It’s a standard result that all Büchi automata recognise precisely finite unions of languages of the form $U \cdot V^\omega$, where $U$ and $V$ are both regular languages; we call such recognised languages $\omega$-regular expressions. Büchi himself proved the result in [1], Lemma 10. It’s a nice result to have, particularly because of its simplicitly, as well as how well it captures the intuition of what a run on a Büchi automaton looks like.

Here, then, I thought I’d give a go at proving the result in my own words. Of course there’s nothing groundbreaking about doing this, but I think both that it helps the result to sink in better, and that revisiting simple or foundational results is always a sensible thing to do. And, in any case, technical writing is fun.

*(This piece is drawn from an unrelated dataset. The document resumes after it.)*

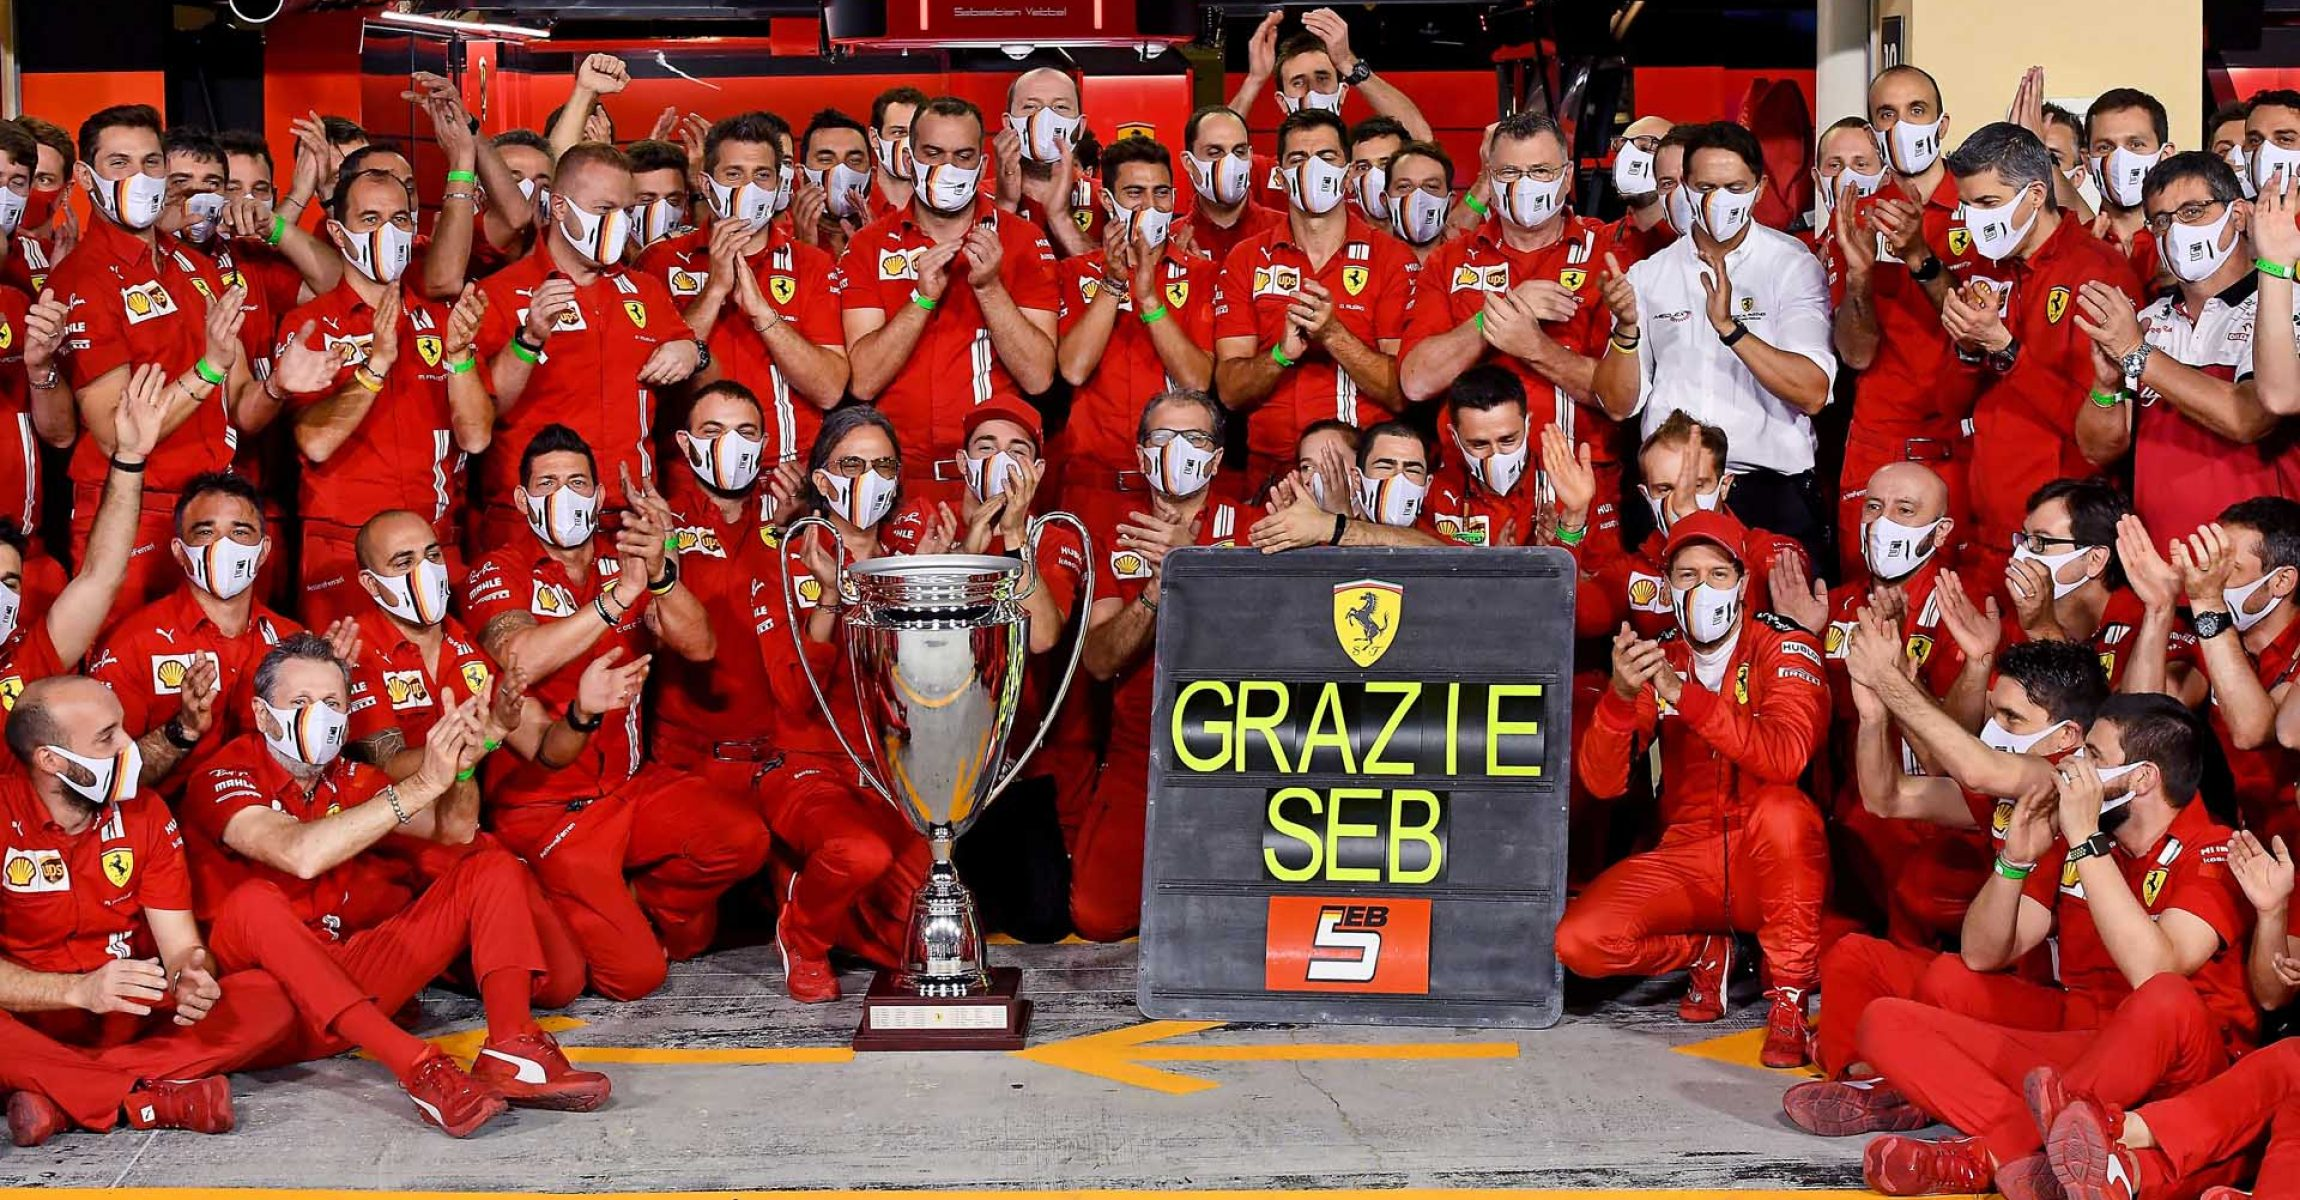 GP ABU DHABI  F1/2020 - DOMENICA  13/12/2020    credit: @Scuderia Ferrari Press Office Grazie Seb Sebastian Vettel Ferrari

Throughout the proof, I’ll assume that we’re talking about nondeterministic Büchi automata and nondeterministic finite automata. This is especially pertinent as there’s no equivalence between deterministic Büchi automata and $\omega$-regular expressions; no determinisic Büchi automaton recognises the language denoted by $(0+1)^*0^\omega$, for instance. On a more positive note, this restriction does let us be liberal with our use of $\epsilon$-transitions.

I’ll also refer to the process of turning a Büchi automaton into an $\omega$-regular expression as analysis, and the process of turning an $\omega$-regular expression into a Büchi automaton as synthesis. As far as I can tell, this way of talking about automata and regular expressions first comes from [2], in reference to Kleene’s paper on nerve nets and finite automata [3].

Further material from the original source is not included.